[ags]

Hello all,

I am new to the forums and was hoping someone could offer some help with a model I have been trying to run. I have some basic CFD experience, but am certainly still a novice, and have been working at what I think should be a relatively straightforward simulation, but have been encountering some problems.

I am trying to model water flowing through a duct of constant cross section, with a known, constant flow rate. Flow enters through the inlet (at a known, specified temperature), and passes through a short, well insulated (no heat enters or leaves through the walls) section of the duct. It then passes through a heated section, where there is constant heat flux through the duct walls. The flow then exits the heated section, and passes through a short, well insulated (no heat in or out through the walls) section before flowing out the outlet.

My CFD modelling is not meant to be especially precise, and is mainly being done as a sanity check to get a sense of what temperature profiles to expect, so I have kept the geometry and meshing very simple. The duct is long and straight with a constant square cross section. The mesh is equally basic, with only one division along each edge of the cross-section perimeter, and divisions every centimeter along the length of the duct (image attached as mesh.jpg).

The first 10 cm of the duct is the well insulated entrance region (entrance_section.jpg), the next 120 cm are the heated section (heated_section.jpg), and the final 10 cm are the well insulated exit section (exit_section.jpg).

I set the inlet boundary condition to "mass-flow inlet", with the known mass flow and temperature. I set all the walls as walls with slip by manually specifying 0 sheer stress, because I am mainly interested in the temperature results, so a simple uniform flow is fine for my purposes. The walls of the entrance and exit regions are set to have 0 heat flux, and the heated region is set to have a constant heat flux through the walls. The outlet boundary condition is set to "outflow".

I enabled the energy equation, and employed laminar viscous flow modelling.

When I run the calculation, the results are puzzling. The flow enters at the entrance temperature, as expected, and heats up as it passes through the heated section, but what is puzzling is that it cools down as it passes through the exit section, returning to essentially the same temperature as at the entrance. A temperature contour image is attached as contour.png.

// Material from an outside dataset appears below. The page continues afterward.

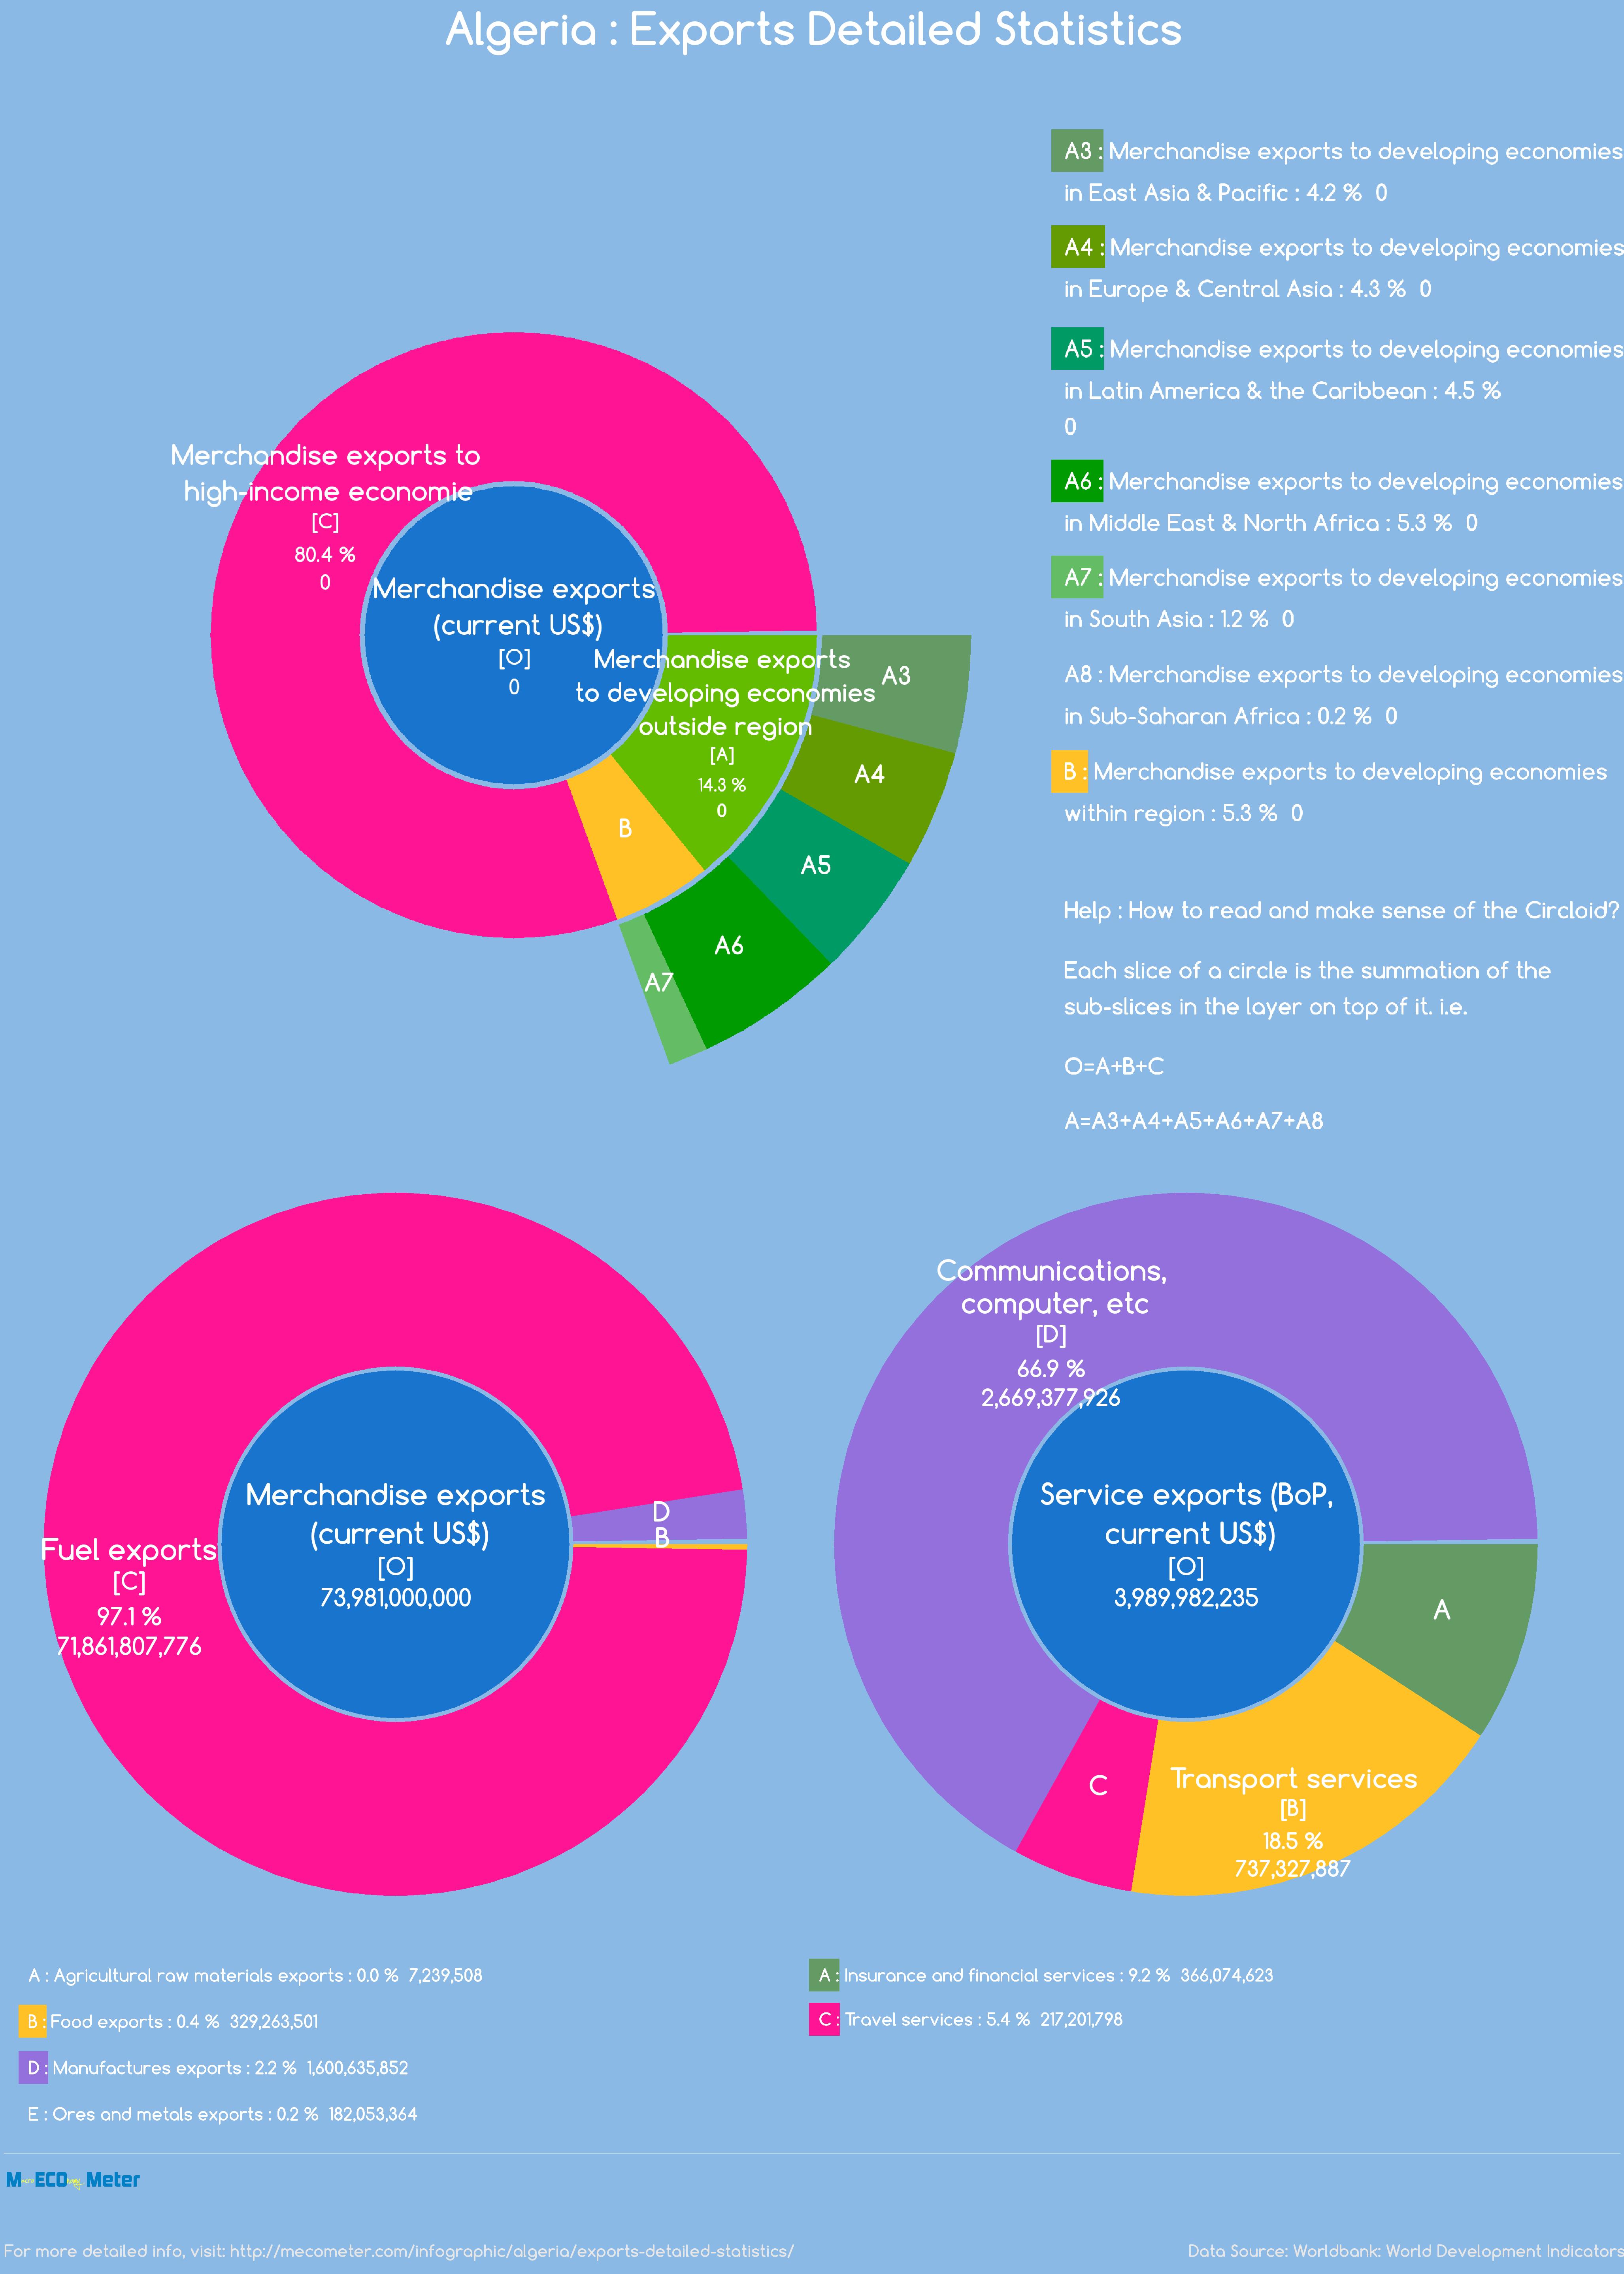 Algeria : Exports Detailed Statistics

This doesn't seem correct to me. As the flow leaves the heated section, it is passing through another insulated section, and I don't see how it would be cooling down. It seems as if a temperature is being enforced at the outlet boundary, but I was not given any option to specify one when setting the "outflow" boundary condition. I feel as if I should need to specify a temperature at this boundary, since heat conduction is described by a second order DE, so I should need a boundary condition at both boundaries but there was no opportunity to input one.

I have tried imposing several other types of boundary conditions at the outlet:
- Mass-flow-outlet: I input the same flow rate as the input, but there is no option to specify an exit temperature, and the results look the same as the earlier case.
- pressure-outlet: This does give the opportunity to enter a "backflow total temperature" but no matter what value I enter the results once again look the same.

Can anyone see something that I may be doing wrong? Or is my interpretation of the results incorrect?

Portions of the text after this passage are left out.